Using the records below, copy exactly the part that opens with the line holding "Die Fassaden der" and closes with the line holding "white shoes flower girl", minus the pictures.

● **Exercise materials**
◆ ◆ ◆

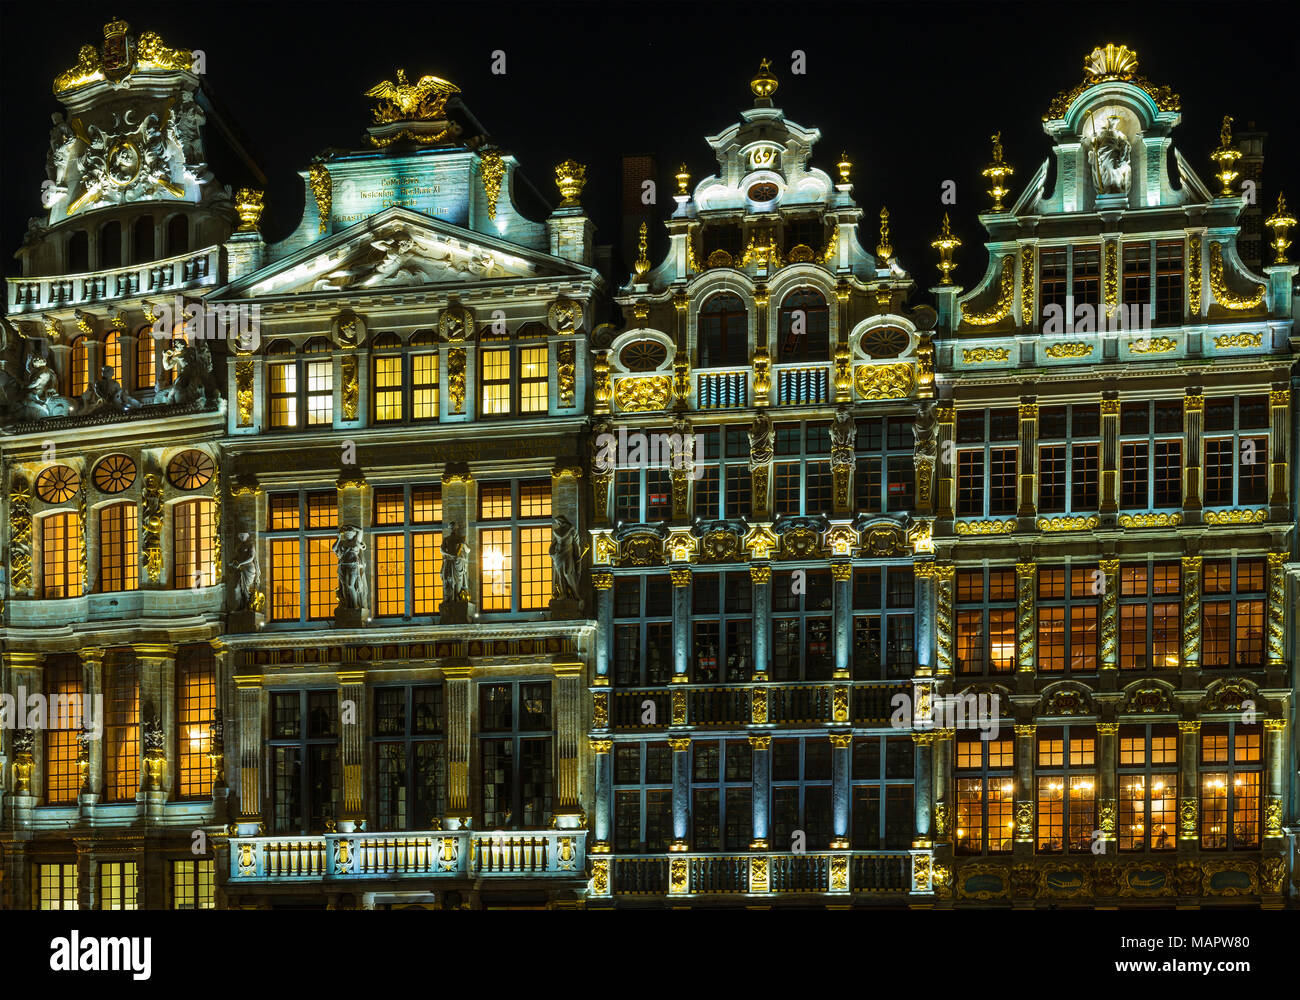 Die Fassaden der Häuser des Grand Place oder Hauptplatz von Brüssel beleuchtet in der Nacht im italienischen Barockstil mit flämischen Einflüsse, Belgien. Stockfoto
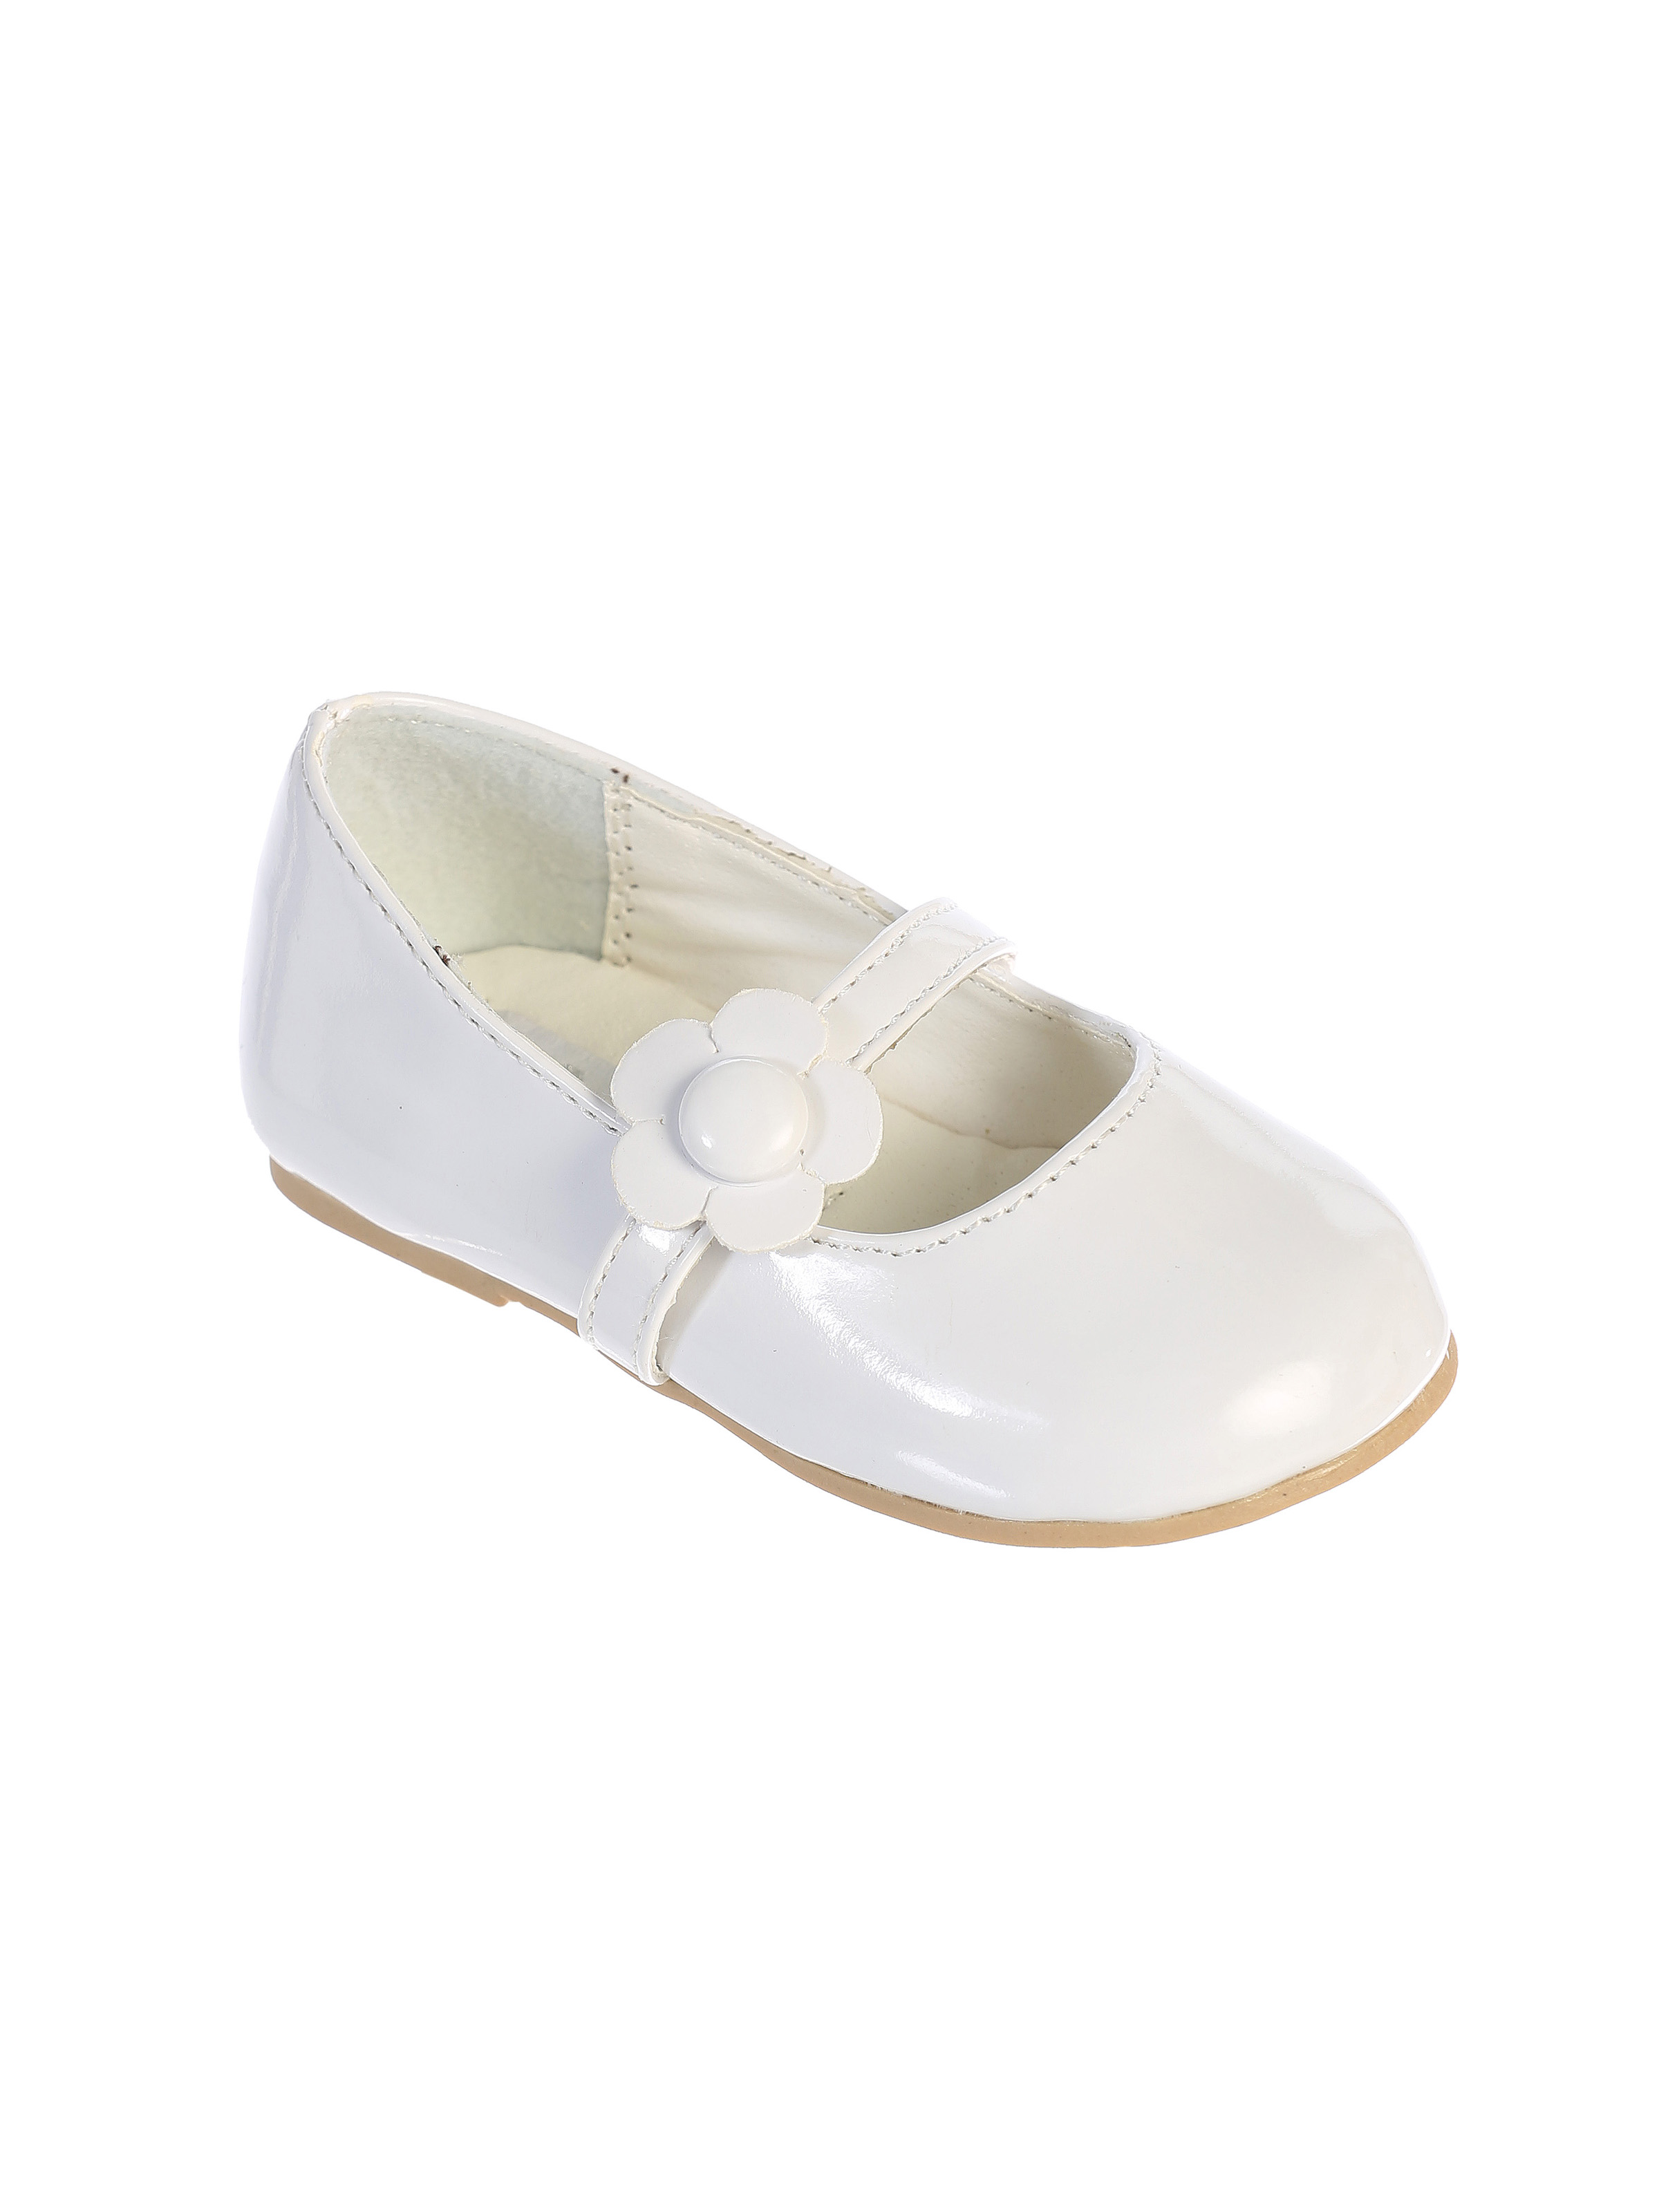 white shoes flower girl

◆ ◆ ◆

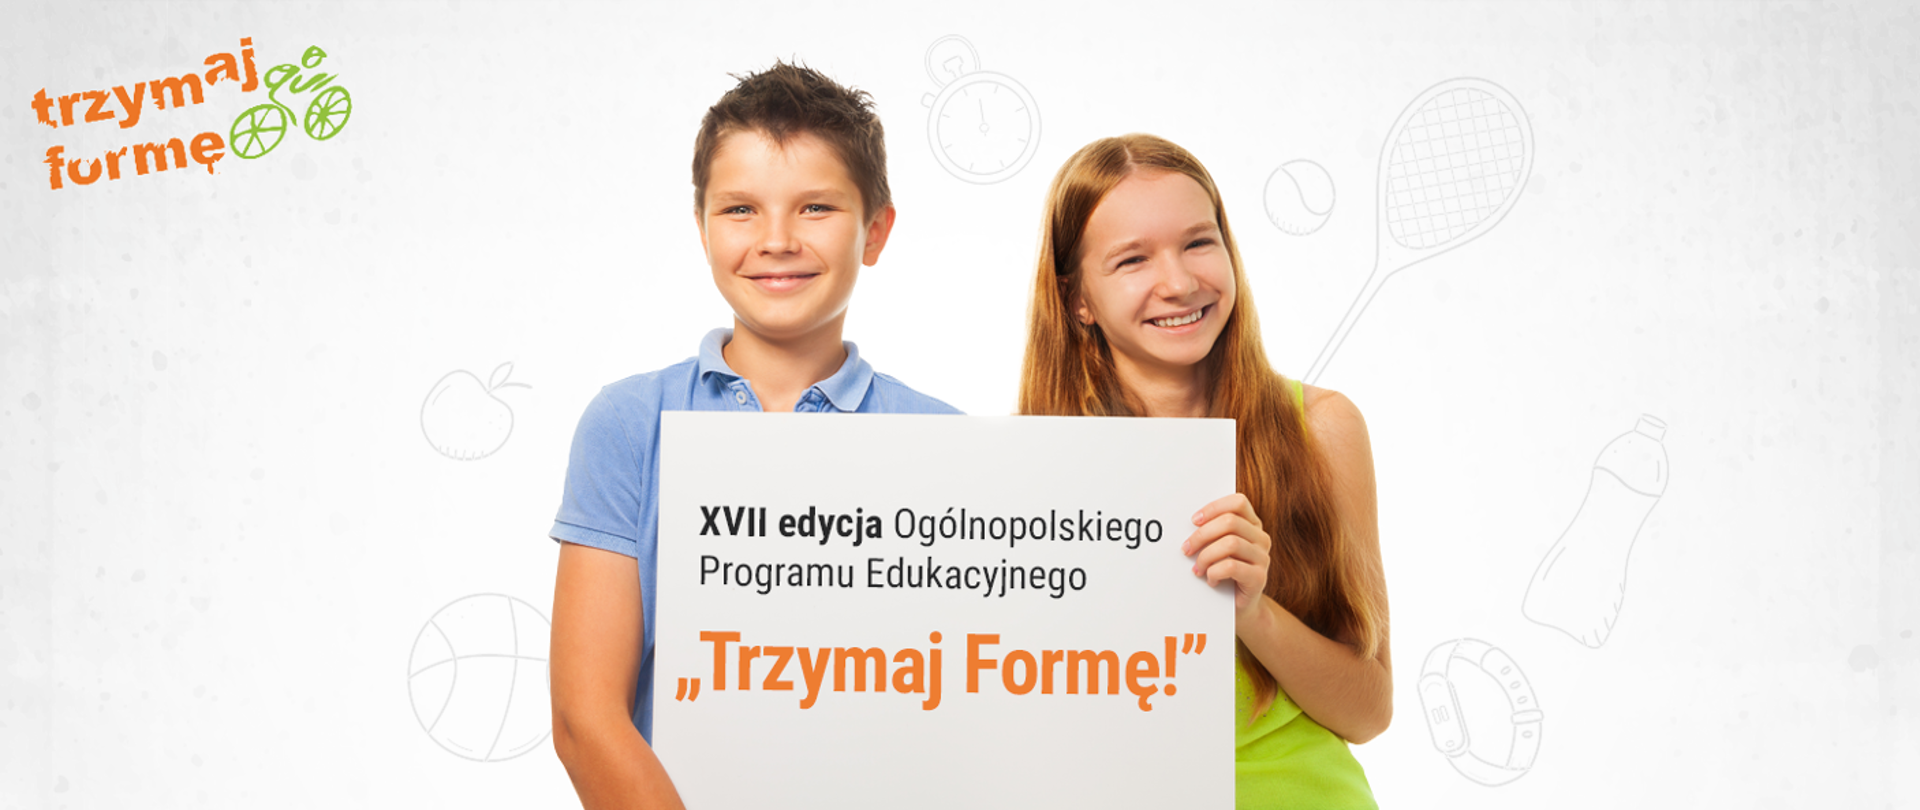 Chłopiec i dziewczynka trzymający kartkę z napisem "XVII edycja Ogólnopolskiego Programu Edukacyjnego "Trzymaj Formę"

◆ ◆ ◆

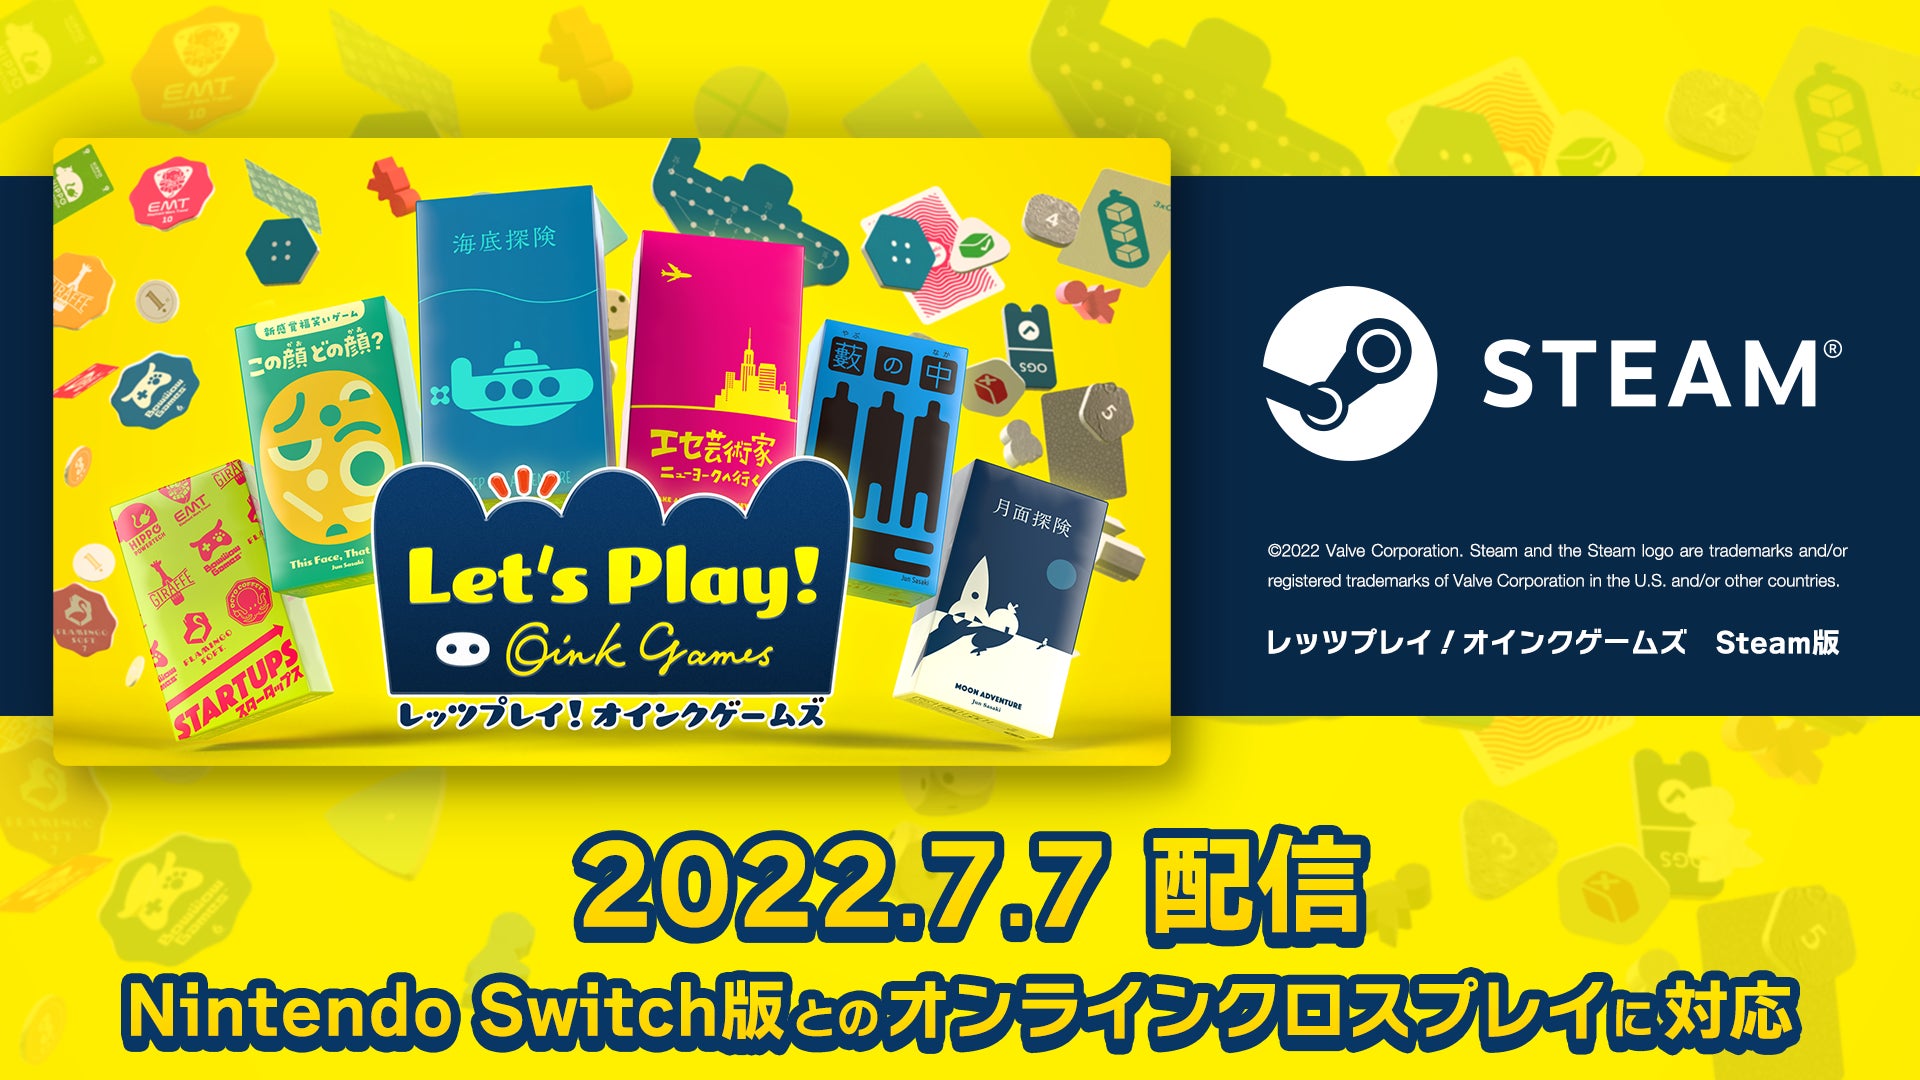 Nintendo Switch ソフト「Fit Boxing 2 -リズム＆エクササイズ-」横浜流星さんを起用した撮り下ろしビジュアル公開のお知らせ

◆ ◆ ◆

● **Solution**
 Die Fassaden der Häuser des Grand Place oder Hauptplatz von Brüssel beleuchtet in der Nacht im italienischen Barockstil mit flämischen Einflüsse, Belgien. Stockfoto
 white shoes flower girl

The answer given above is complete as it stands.